Projecting and shaping from a close understanding of a corporeal experience
in a trip around a space, allows students the chance to open up to the things that
make them tremble, to search through their memory and memories, their fixations,
and to find what, in some ways, tells them who they are. To use the video camera to
experiment their spatial choices not only allows them to consciously connect with
the stimulus which a certain space provokes in the moving body, it also enables
them to register for the subsequent analysis, the varied characteristics of spaces
and its impacts on the project. Thus they are no longer spectators of their works,
but these arise from a deep analysis of the spatial sequences, of the proportions,
of the luminosity, and from everything that allows architecture to recover its focus
as a discipline that contains and receives the experiences of man. The time - space
relationship was the variable considered by the great architects, whose works, some
of them dating back almost 100 years, keep on being valid for the richness in their
understanding of formulation and spatial conception.

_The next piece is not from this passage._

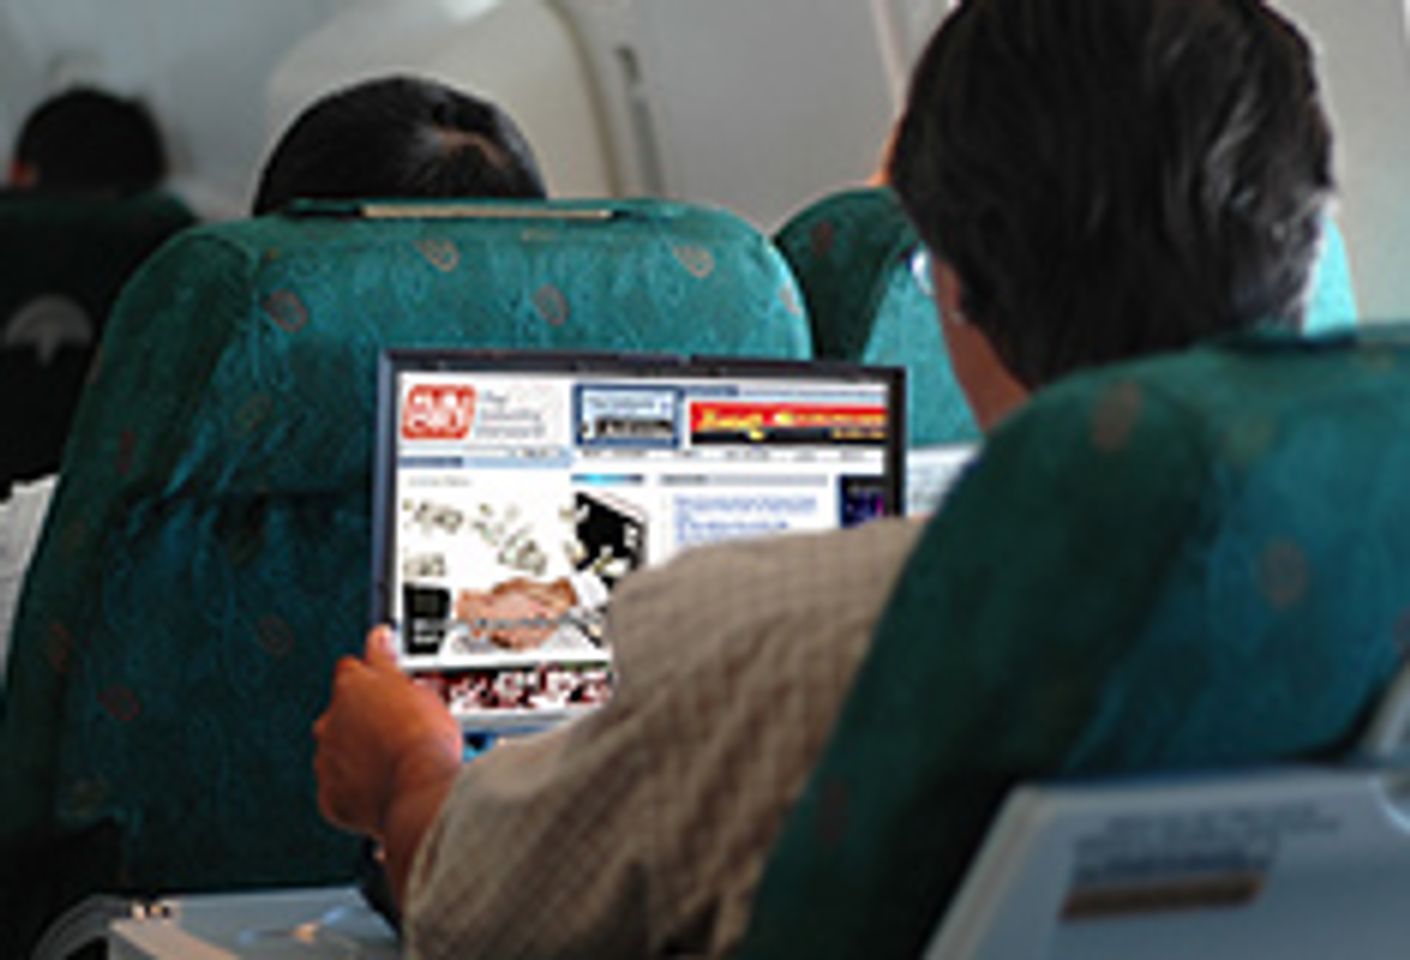 Airlines Discuss In-Flight Internet Restrictions

In current times, each person’s imaginary is nurtured by millions of stimuli. That
is why the imaginary changes from one society to another, from one period of time
to another and from one person to another. This is because regardless of the col-
lective history, each person has their own history, and their own way of processing
this history, being selective about the images, memories and memory that each one
of us keeps.
This reflection takes us to the third premise, the search for the imaginary that
represents the student. It is then, the first images that will determine some elements
that should necessarily be in the project, still alien to the structure, thread, relation
between them, etc. If you try to discover these first images, they appear without
any order of priority, because another characteristic of the personal imagination is
that there is no hierarchy, structure or order but complete simultaneousness. Despite
that, the images we save in our memory always have a meaning.

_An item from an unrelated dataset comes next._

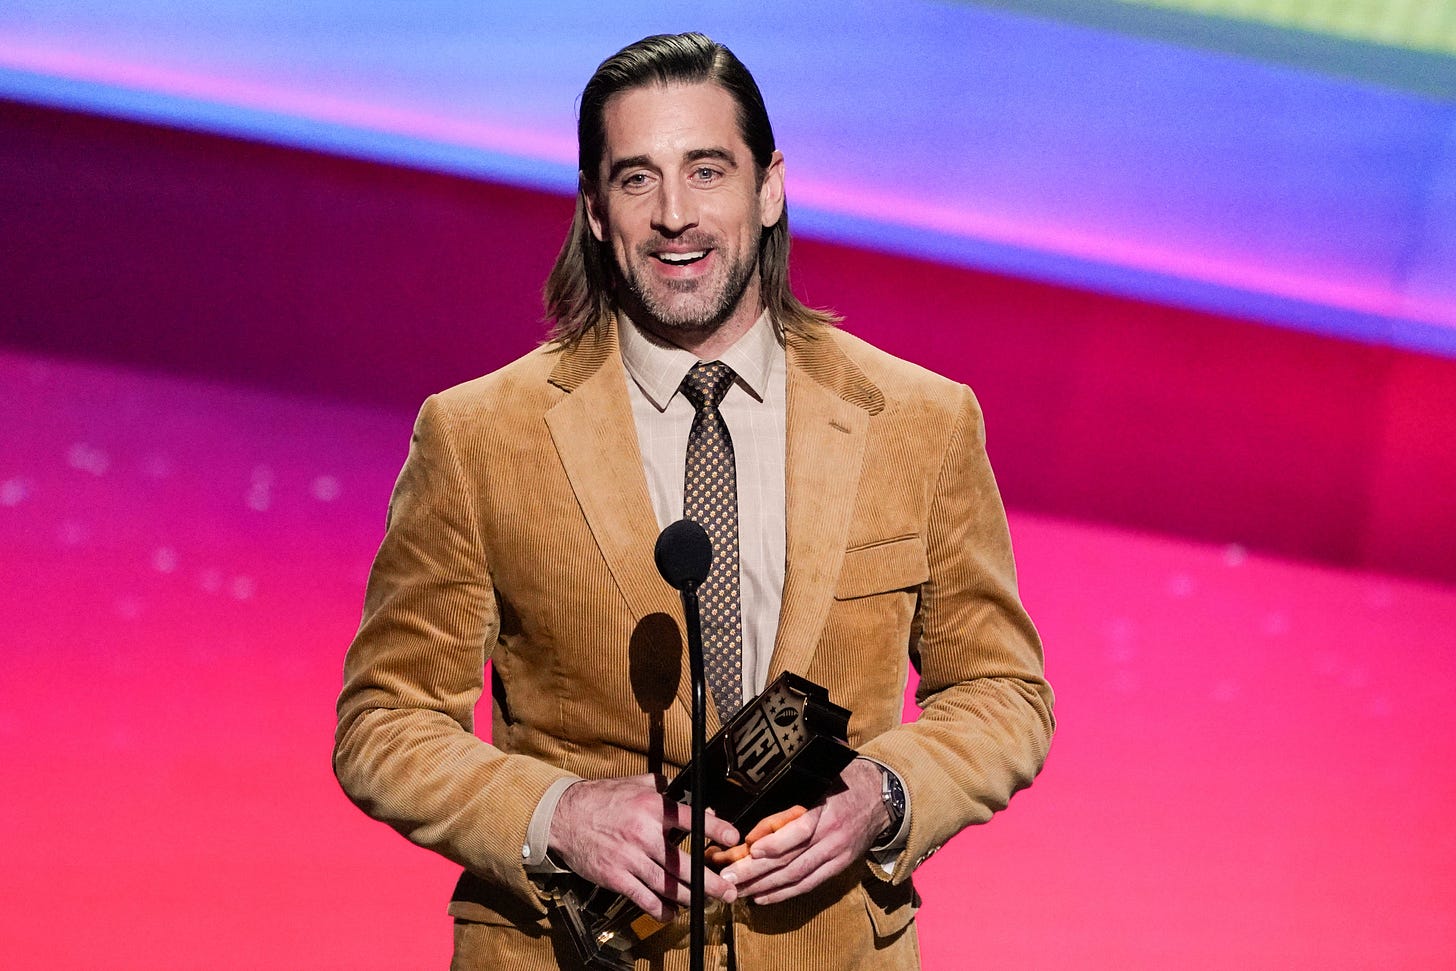 Aaron Rodgers' corduroy suit at 'NFL Honors' rubbed some the wrong way

The studio must insist on stimulating the students in the search for a real sense of
space experience. With this purpose it is possible to use the new technological tools
that in current times are widely available, such as digital video and three-dimensional
visualizations. In the future it will be possible to add other tools, such as virtual
reality simulators, which today are too expensive.
The final reflection about the use of new teaching technologies in the studio
forces us to think that it is not enough to experiment with them, if there is no clarity
of what you want to achieve with their use.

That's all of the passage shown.